To exclude aortic pathology, a CT aortic angiogram was performed, which incidentally revealed a large rounded structure with soft tissue attenuation and scattered wall calcific flecks, measuring (5.4 x 6.2 x 6.6 cm). This structure was indenting the posterolateral wall of the left atrium (LA) (Figure 1). Subsequent imaging, including transthoracic echocardiography, confirmed the presence of a large mass posterior to the base of the left atrium and left ventricle, measuring (5.5 x 5.6 cm) (Figure 2). This mass was compressing the left atrium and the latro-basal segment of the left ventricle.

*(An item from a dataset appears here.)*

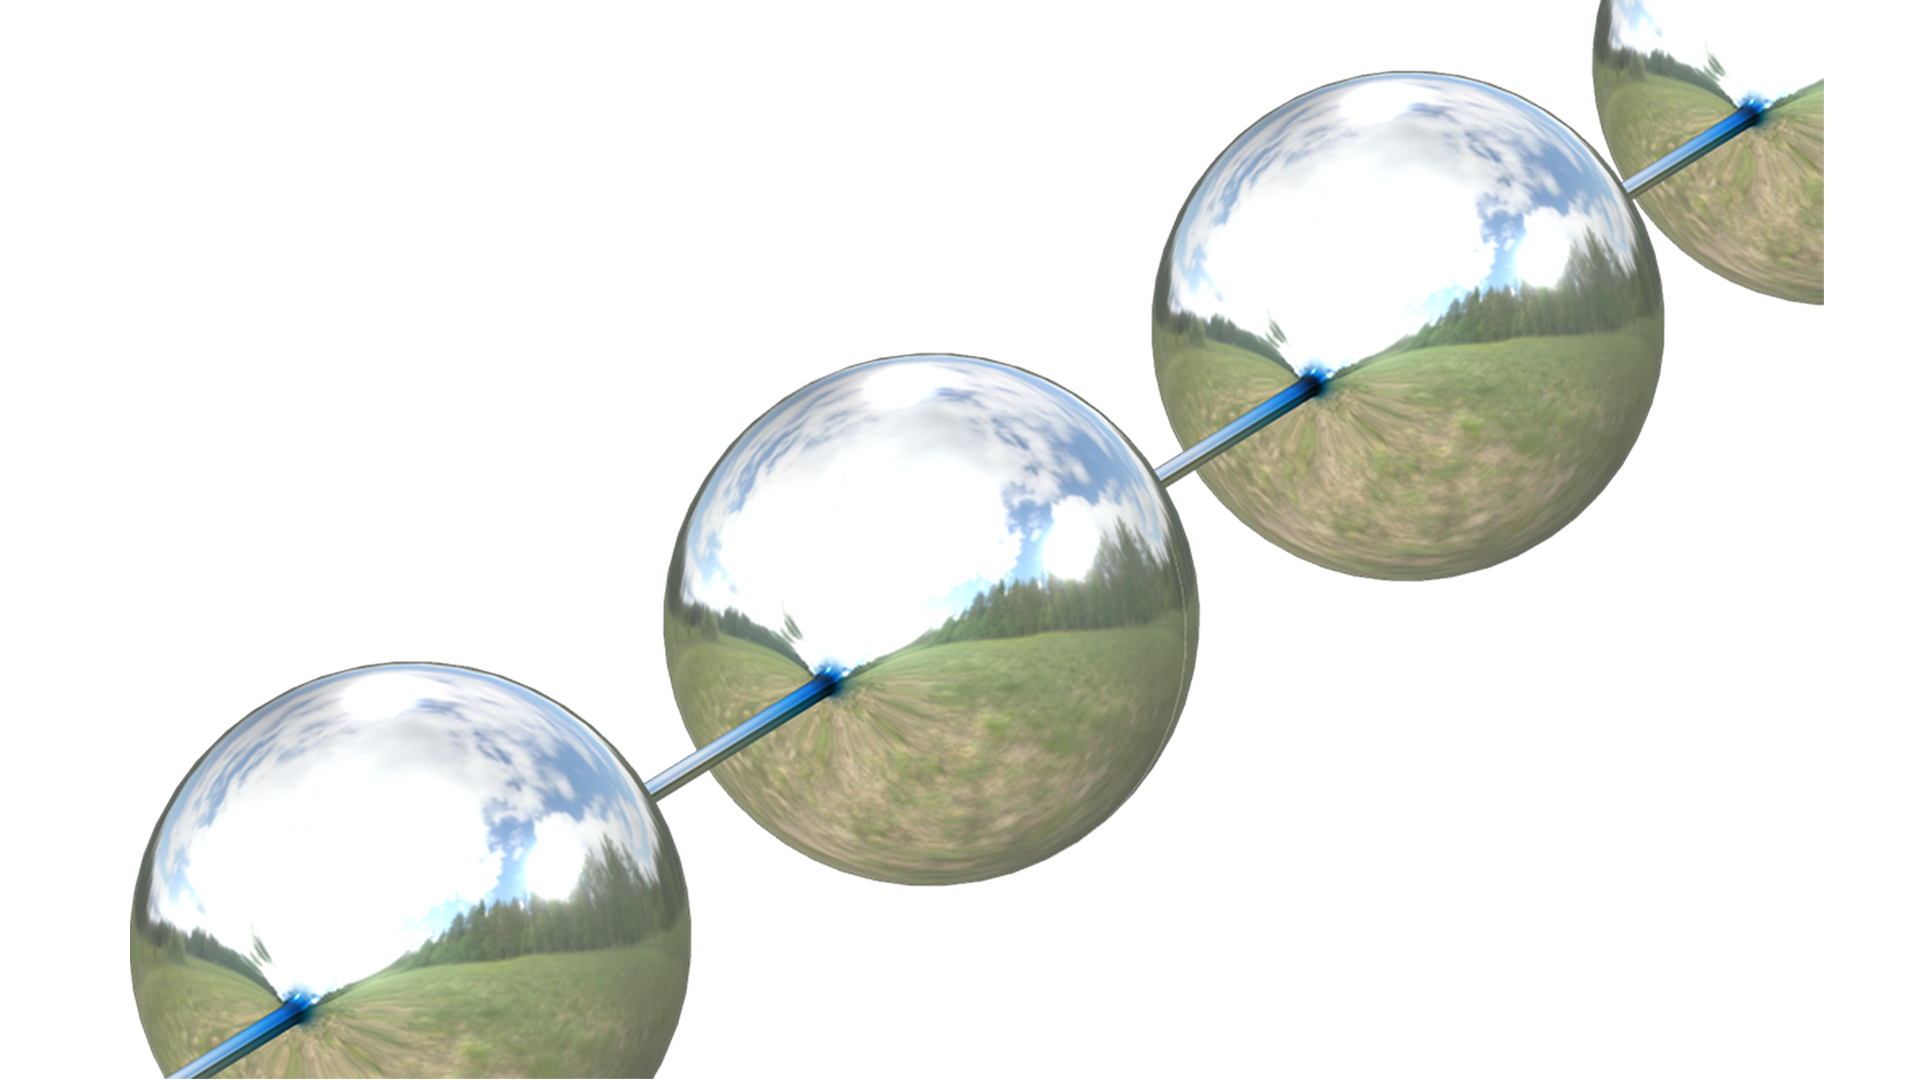 串珠模型的裁剪视图，其中显示两个完整串珠和两个部分串珠，它们都带有金属光泽，并通过反射显示天空、树木和田野。

Further imaging modalities, including CT coronary angiogram (Figure 3) and cardiac MRI (Figure 4), confirmed the diagnosis of a large distal left circumflex artery (LCX) aneurysm with internal slow turbulent flow, an inferior intramural thrombus, and a recent large myocardial infarction in the LCX territory. Conventional coronary angiogram revealed that the distal circumflex artery was supplying the mass. CT Head did not show any intracranial aneurysms.
The patient underwent excisional removal of the mass, which was found to be intimately associated with the LCX artery, measuring (8 x 6 cm) (Figure 5). The mass was successfully excised using sharp dissection, cautery, scissor, and blunt dissection, and the feeding LCX artery was ligated. Intraoperative transesophageal echocardiogram (TEE) showed trivial to mild mitral regurgitation.
Postoperatively, the patient had a smooth recovery and was extubated on day zero. They were discharged on day 6, on a regimen of aspirin, clopidogrel, and lisinopril. Histopathological examination of the excised mass revealed hyalinized fibroconnective tissue with lipid deposits, foam cells, cholesterol clefts, calcification, and focal inflammatory reaction, consistent with a coronary artery aneurysm. Follow-up visits indicated no symptoms, and the patient had a smooth postoperative recovery.